Nearest Neighbour Problem: Customer nearest Water Pipes

NiceDogE

unread,

Apr 17, 2009, 1:24:15 AM4/17/09

to SpatiaLite Users

Firstly, new to SQLite/SpatiaLite but well done Alessandro on a great
extension! Seems a perfect fit for some of our custom spatial data
analysis tools.

My problem is a variation on Nearest Neighbour.

I have ~300,000 customers (Polygons) and ~160,000 water pipes
(Polylines) across a City. For each customer, I need to find the
nearest water pipe.

I'm wondering what SQL will give the fastest results. I tried a
sample below, but I'm not sure this is the appropriate way of trying
to use a spatial index.

I realise the sample isn't the full SQL req'd, in this case I'm just
trying to solve the main headache in first getting an approximate (ie.
using MBRs?) 1<->Many table of Customer <->Nearest Pipes within a user-
defined search radius (for example below, 30 metres)

CREATE VIEW NearestPipes AS
SELECT Customers.Service_ID,WaterPipes.PipeID
FROM Customers,WaterPipes WHERE
WaterPipes.RowID IN(SELECT pkid FROM idx_WaterPipes_Geometry WHERE
MbrOverLaps(BuildMBR(xmin-30,ymin-30,xmax+30,ymax
+30,28356),Customers.Geometry))

NiceDogE

unread,

Apr 20, 2009, 3:27:10 AM4/20/09

to SpatiaLite Users

To add to this, managed to do a bit of trial and error on different
methods.

Following observations:
1. SpatiaLite seems to HATE having a geometric operator in the SQL
accessing the spatial index virtual table. (eg.
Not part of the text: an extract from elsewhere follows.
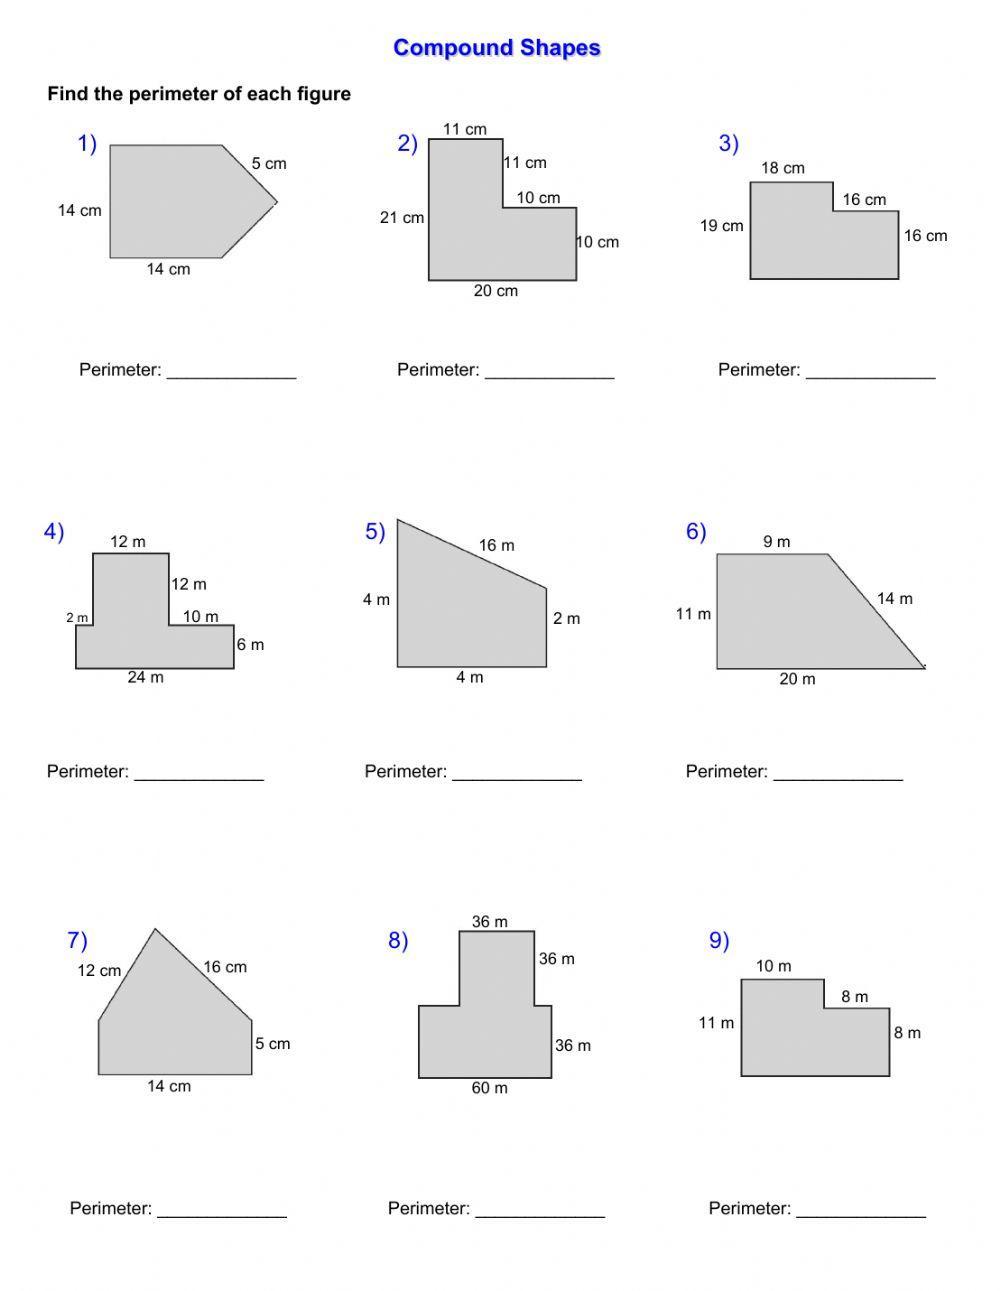 Perimeter of compund shapes

Using the MBROverlaps
() operator in above example) Performance seems to be slower than if
chose to not use the spatial index at all. Best performance yielded
if use simple

2. Don't know whether this is from SQLite or the SpatiaLite
extensions, but the nested SQL statement pulling pkIDs from the
spatial index table HATES "OR" operators.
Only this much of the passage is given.